Saturn V's Architecture

  • 3 min read
    flowchart LR
    subgraph Frontend
        TypeInfer["Type-infer"]
        Parse --> TypeInfer
        TypeInfer --> Desugar
        Desugar --> Lower
        Lower --> Check
    end
    subgraph Backend
        Check --> Evaluate
        Evaluate --> Solve
    end
  • parse: Saturn V incrementally parses updates to Kerolox source files using tree-sitter, then loads the resulting syntax trees into incremental Salsa data structures. This is the source of all the inputs to the incremental frontend.
  • type-infer: Kerolox programs are type-inferred at a high level using explicit relation definitions and type constraint rules applied on the expression levels. This gives every variable and expression in a program a concrete type and reports error diagnostics when types are inconsistent or unknown.
  • desugar: The typing information is used by Saturn V to desugar the Kerolox types and values into Saturn V's intermediate representation (IR). For example, tuple types are flattened into lists of primitive values. All Saturn V relations ultimately end up as flat relations with columns of only primitive types.

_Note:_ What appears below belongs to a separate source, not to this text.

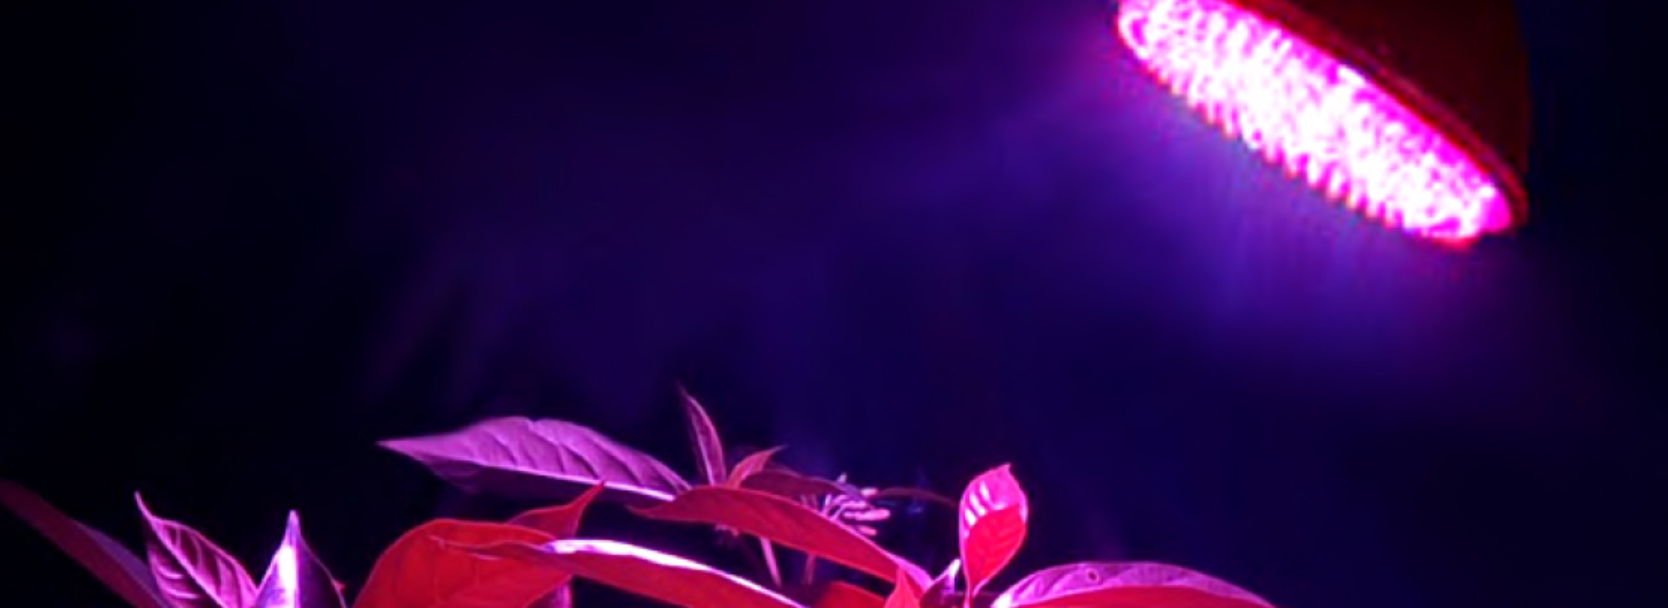 Lampa LED roślin
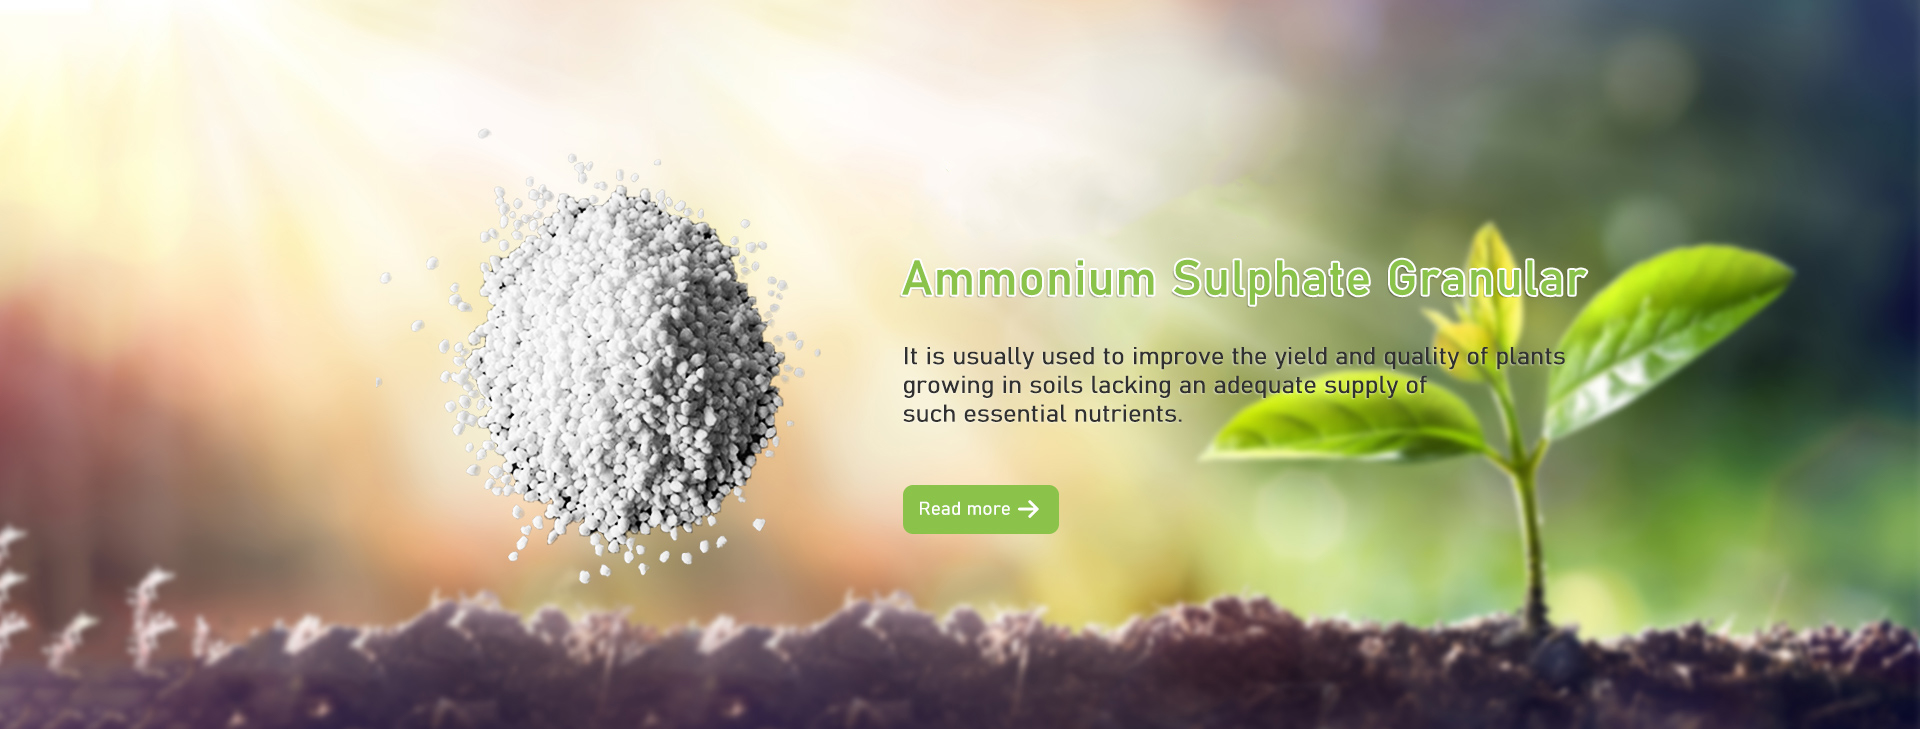 amonium sulfat

  • lower: Although desugaring has transformed the logical representation of Kerolox of semantics into IR, the IR is still purely logical and does not instruct Saturn V how to operate on relations to meet those semantics. The program's IR is fed into egglog, a state-of-the-art equality graph (e-graph) implementation, to extract an equivalent relational program that can be actually be executed. The relational program is represented as a forest of bottom-up relational operations.
  • check: Some undesirable or unexpected properties of programs such as infinite recursion or unused relations can be detected using Z3's fixed-point engine. This can provide warning diagnostics to users as they write programs, but in the future, it may also be used to ensure the safety of untrusted Saturn V programs before running them. Z3's fixed-point features are designed to check program safety in procedural environments, but luckily, we're already in a Horn clause-based system! It's a match made in heaven.
  • evaluate: Now that the IR describes concrete relational operations instead of pure logical relations, it is passed to a Differential Dataflow engine that incrementally populates the contents of each relation. It also assembles a model of the logical relationships between each entry in the program's decision relations. These relationships are eventually gathered in the top-level constraint operations, which emit constraints on decision values in propositional logic.
  • solve: The constraints, set of active decisions, and logical relations are passed to a decoupled solving engine, which uses a SAT solver to select decisions which meet all of the constraints. Because the evaluation engine's output is incremental, the solving engine's SAT instance can be kept across updates and extended with minor changes to inputs, responding with low latency instead of solving the program from scratch.

The steps of the pipeline between "parse" and "check" can be considered the "frontend" of Saturn V, because they reason about Kerolox programs without evaluating them or making any decisions. The Saturn V "backend" is composed of the evaluation and solve steps, which run separately and can be asynchronously loaded with new, valid IR code. In other words, the Saturn V frontend is everything that runs in a language server or IDE, and the backend runs long-term on a dedicated server machine and is dynamically loaded with new code over time.